# Applications en lien avec ICloud ne s'ouvre pas



## Une Étoile en Or (18 Septembre 2016)

Bonjour, j'ai récemment reçu un nouvel IPad, l'IPad Pro, seulement, lorsque j'essaie d'ouvrir l'application pages et IMovie, elles s'ouvrent puis se referment immédiatement. Je me suis dit que ça avait peut être un lien avec ICloud, car ces deux applications que j'avais sur mon ancien IPad fonctionnaient, et j'avais des données dedans sauvegardées avec ICloud.
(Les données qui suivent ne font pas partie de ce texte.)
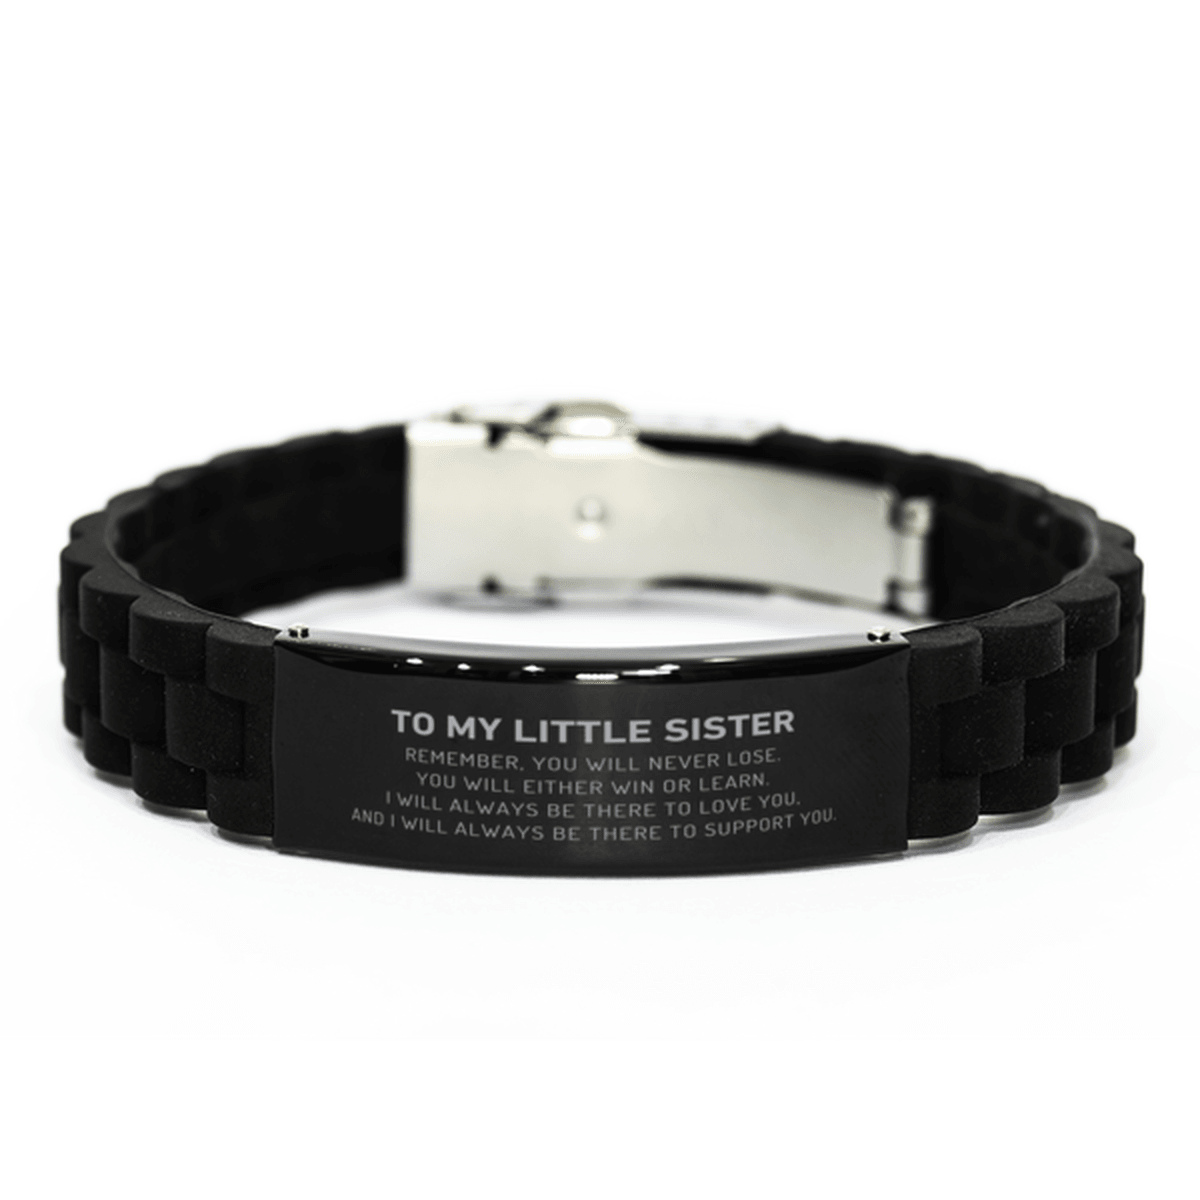 Little Sister Gifts, To My Little Sister Remember, you will never lose. You will either WIN or LEARN, Keepsake Black Glidelock Clasp Bracelet For Little Sister Engraved, Birthday Christmas Gifts Ideas For Little Sister X-mas Gifts

Je ne comprends peut être pas le système d'ICloud, ou alors ICloud n'a aucun rapport avec le problème de ces applications. Je suis à l'écoute de tout conseils !


----------



## Joe_McFray (6 Octobre 2016)

Après un redémarrage de l'ipad, il se passe quoi ?
Sur les nouveaux appareils, les apps apple comme celles d'iwork sont pré-installées seulement, il faut les télécharger entièrement sur l'app store pour qu'elles fonctionnent.


----------



## Une Étoile en Or (6 Octobre 2016)

J'ai déjà essayé de redémarrer l'IPad, mais le problème est resté. Je pense que je vais les acheter sur Apple Store du coup


----------



## lineakd (7 Octobre 2016)

@Une Étoile en Or, soit la bienvenue!
Teste ceci:


> Efface les applications en mémoire sur l'ipad (celles qui apparaissent quand on réalise un double appui sur le bouton home de l'iPad) et fini par un "reset" de ton iPad (appuie simultanément pendant 10 secondes au moins sur le bouton Marche/Veille et sur le bouton Origine (home), jusqu’à ce que le logo Apple apparaisse.


----------



## Une Étoile en Or (7 Octobre 2016)

Bonjour @lineakd, j'ai fait ce que tu m'as conseillé, j'ai fait un reset après avoir effecé les applications en mémoire, mais le problème est resté, merci quand même


----------



## lineakd (7 Octobre 2016)

@Une Étoile en Or, supprime les apps qui cause problèmes et réinstalle les à partir d'iTunes sur ton ordi.


----------



## USB09 (25 Octobre 2016)

C'est peut être un souci d'application qui n'est pas à jour. Ça me le fait souvent.


----------